- **Material for the task**:
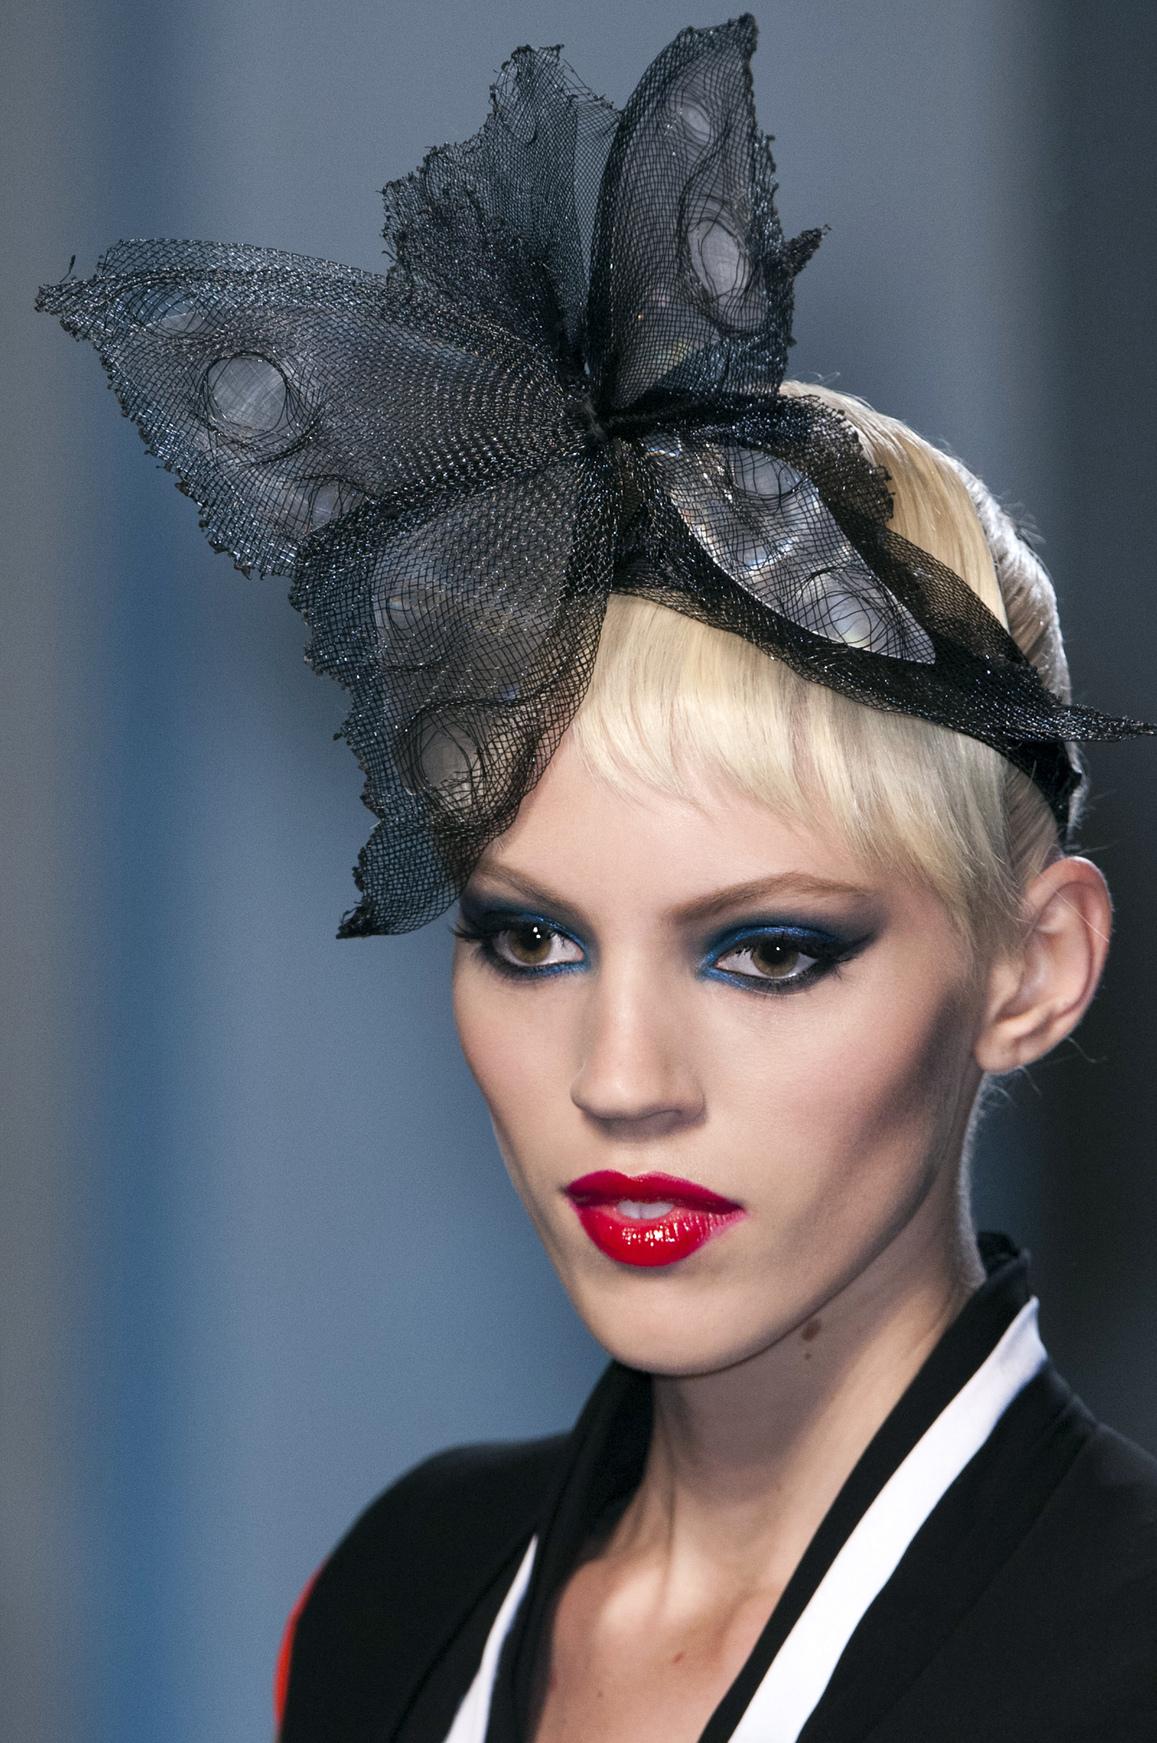 Jean Paul Gaultier hair accessory
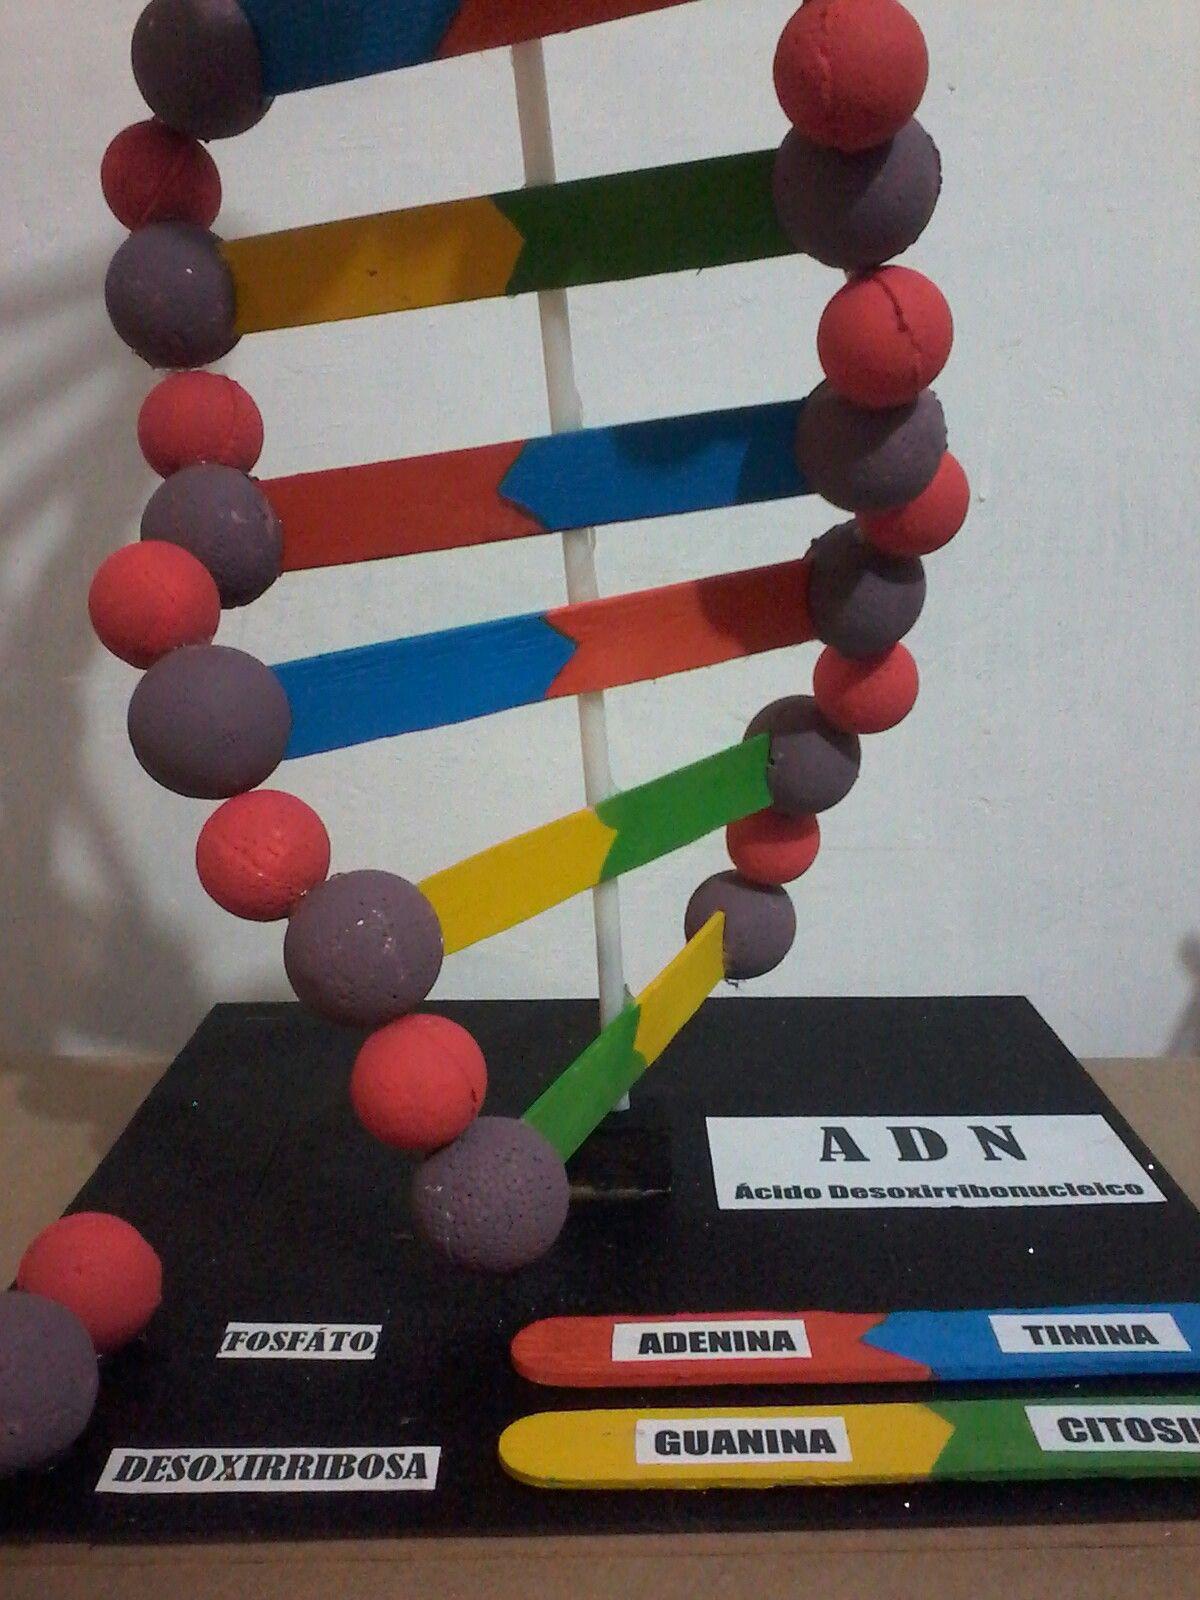 Maqueta Molecula De Escolares Maqueta AdnMaquetas 8wn0kXZOPN
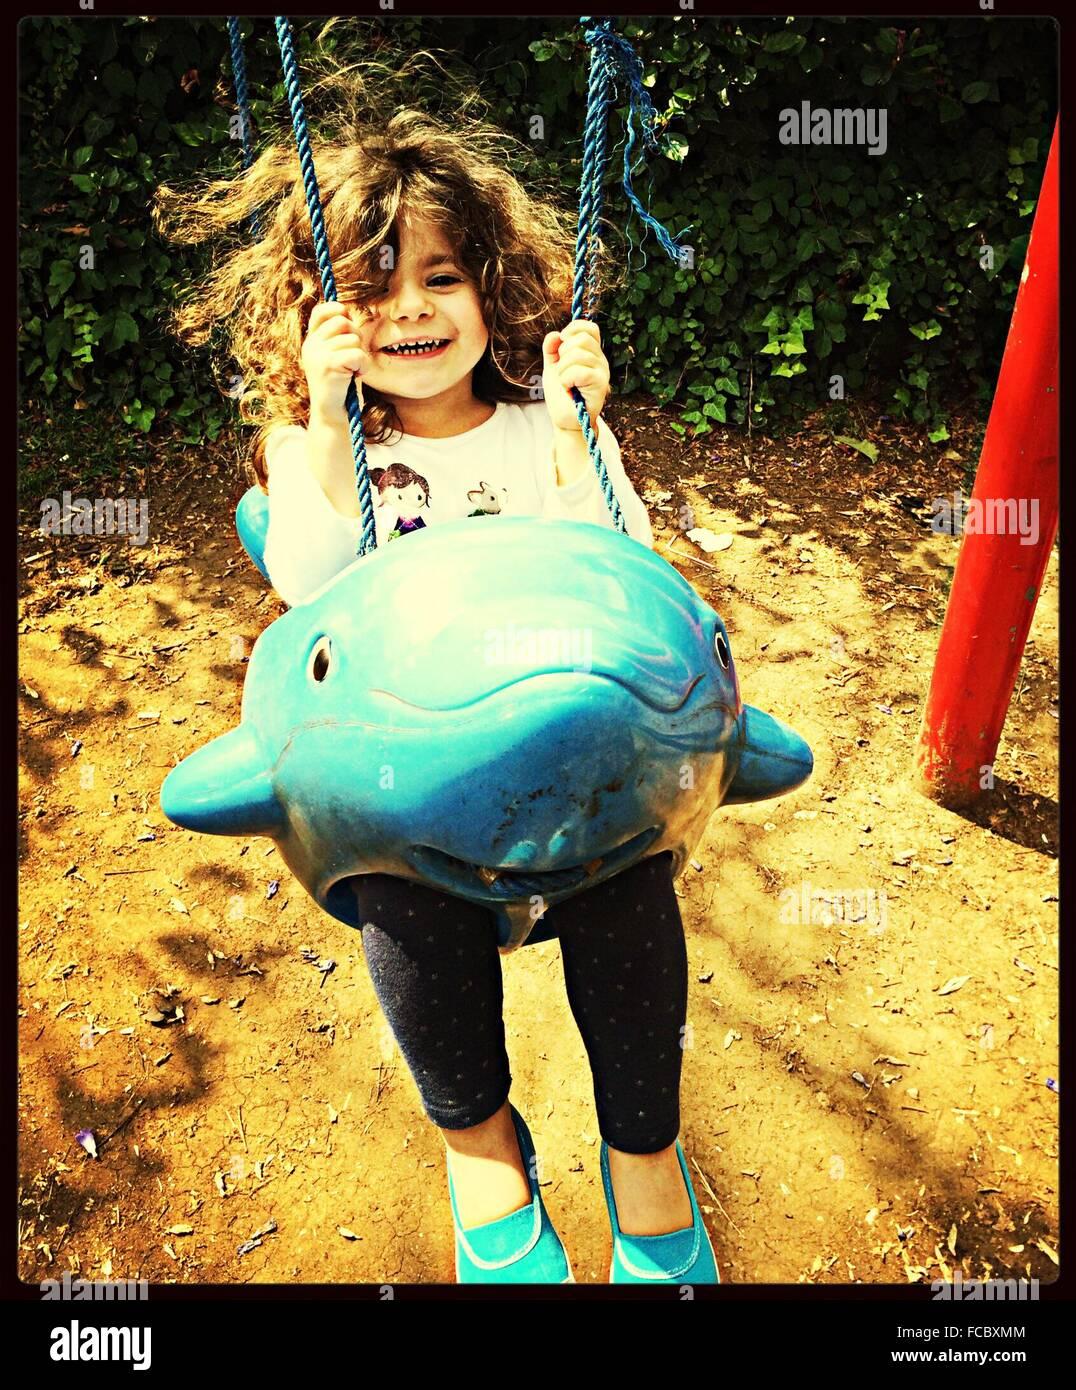 Girl Enjoying Swing Ride In Playground - Stock Image
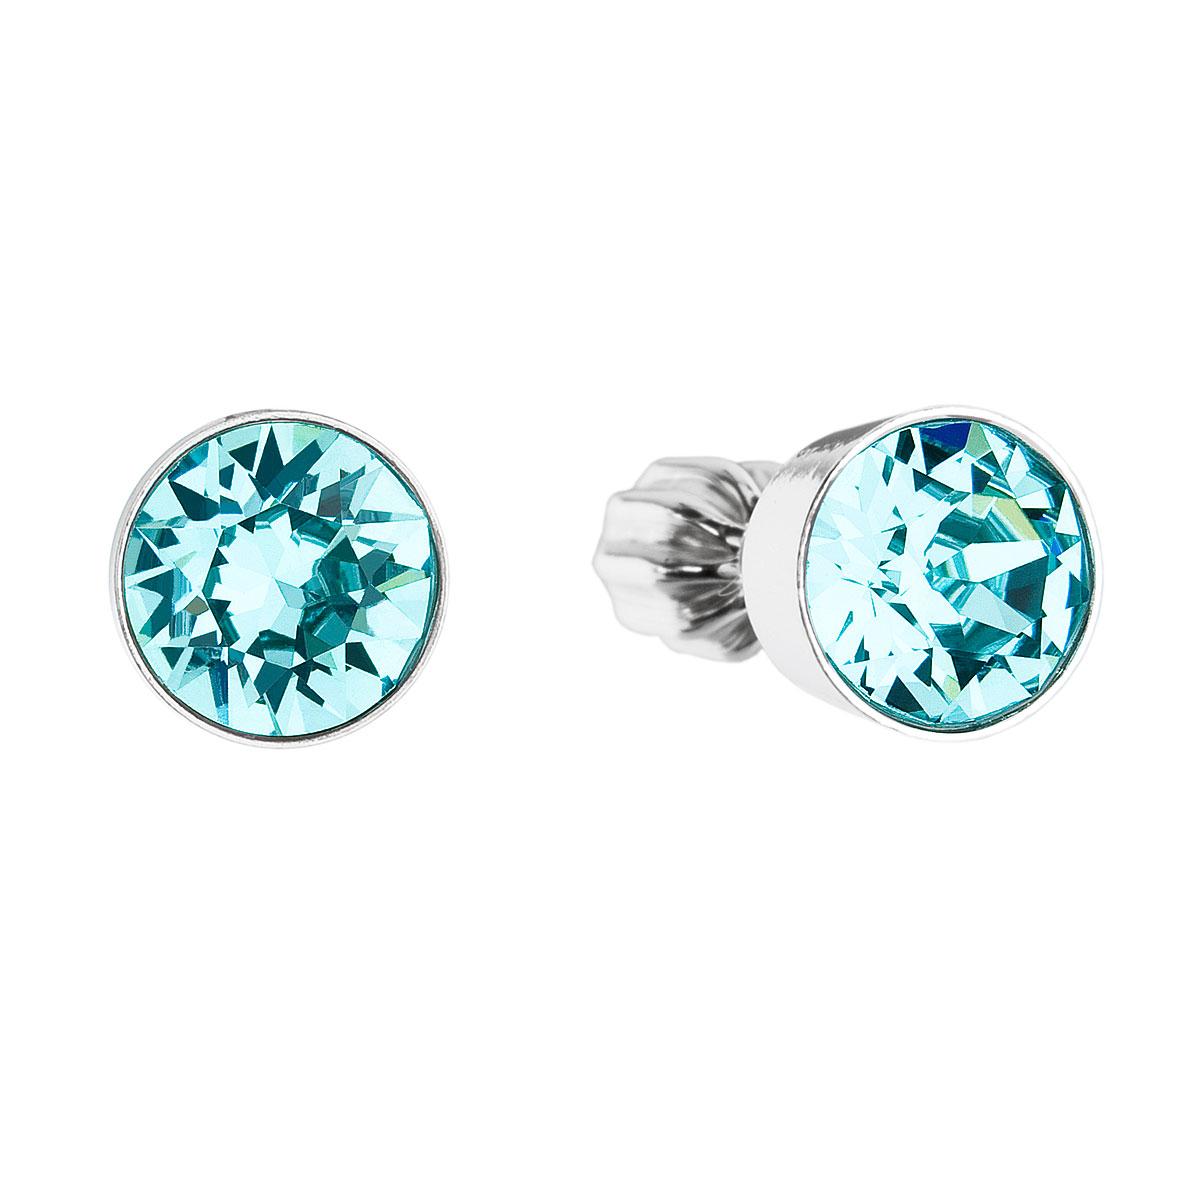 Stříbrné náušnice pecka s krystaly modré kulaté 31113.3 light turquoise
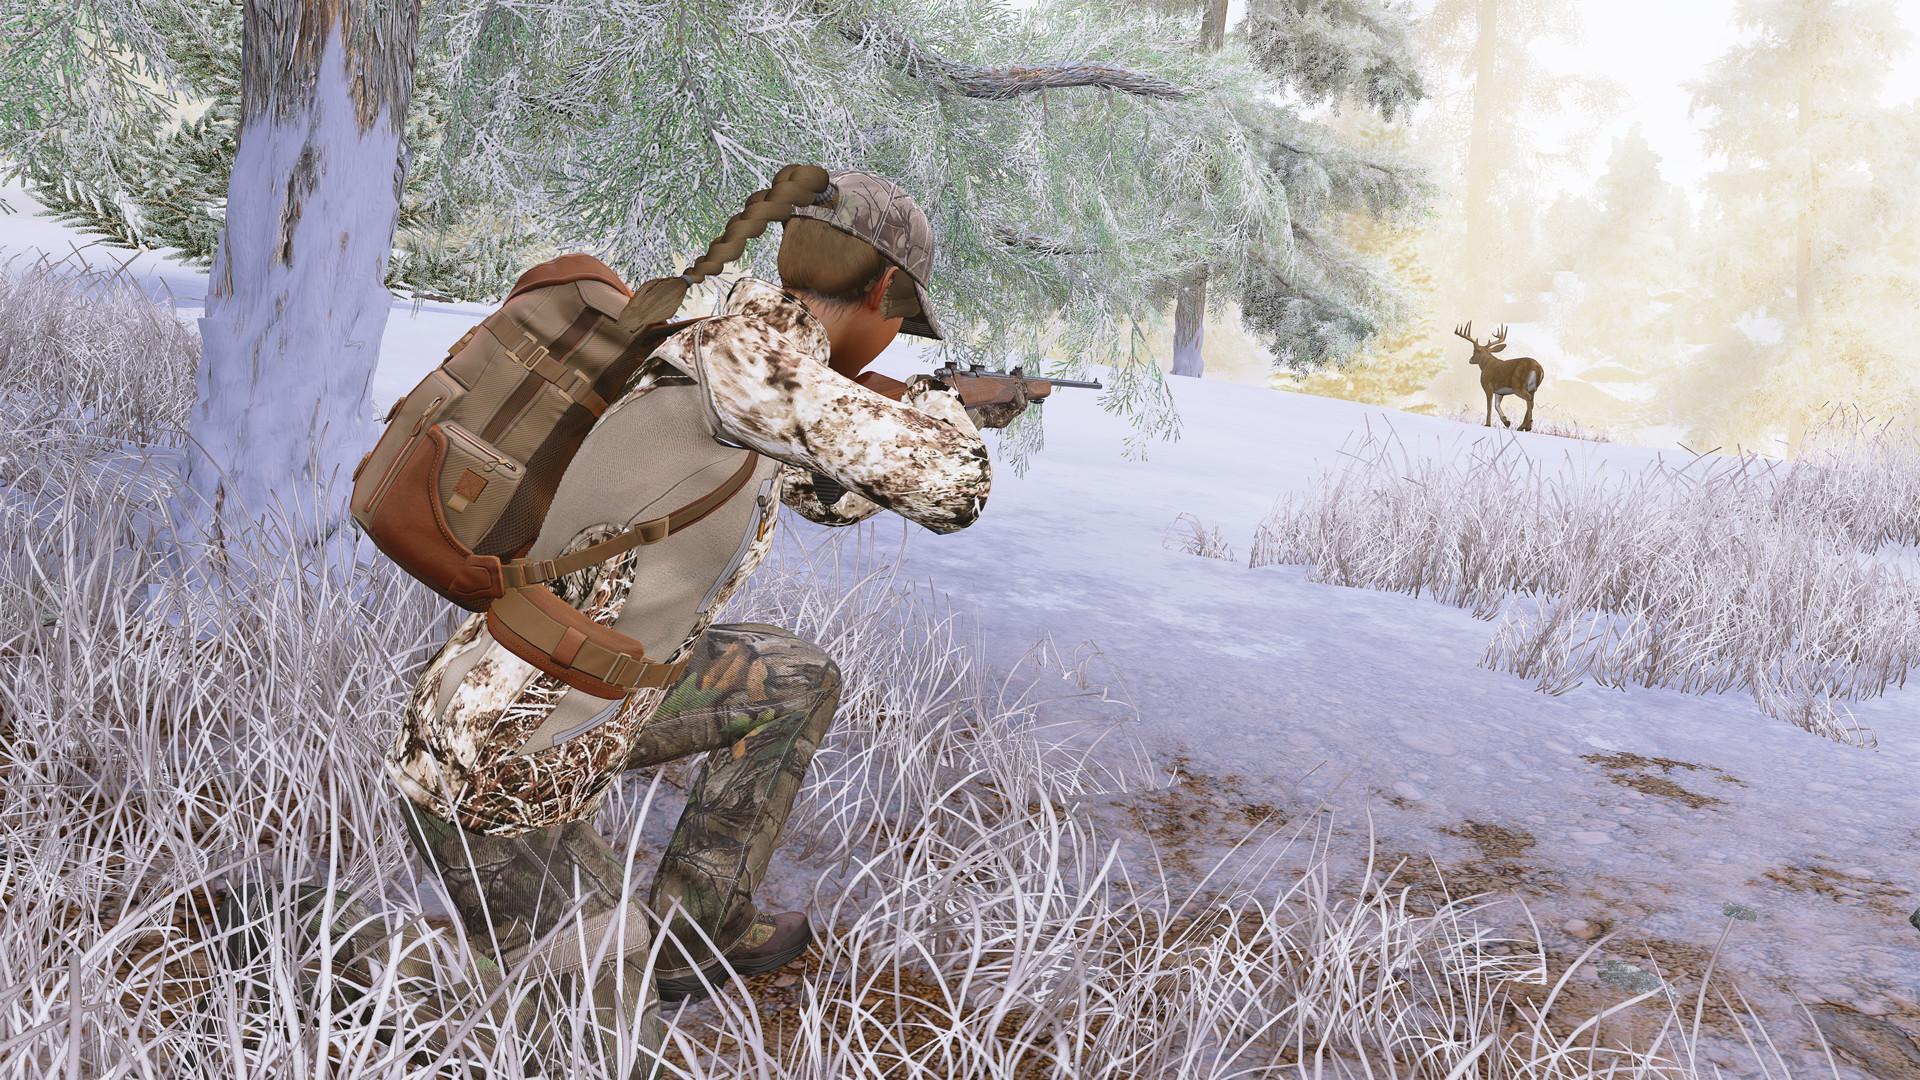 狩猎模拟/Hunting Simulator插图7

- **How to complete this task**: Recopy the full listing exactly, passing over any picture.

- **Solution to the exercise**:
 Jean Paul Gaultier hair accessory
 Maqueta Molecula De Escolares Maqueta AdnMaquetas 8wn0kXZOPN
 Girl Enjoying Swing Ride In Playground - Stock Image
 Stříbrné náušnice pecka s krystaly modré kulaté 31113.3 light turquoise
 狩猎模拟/Hunting Simulator插图7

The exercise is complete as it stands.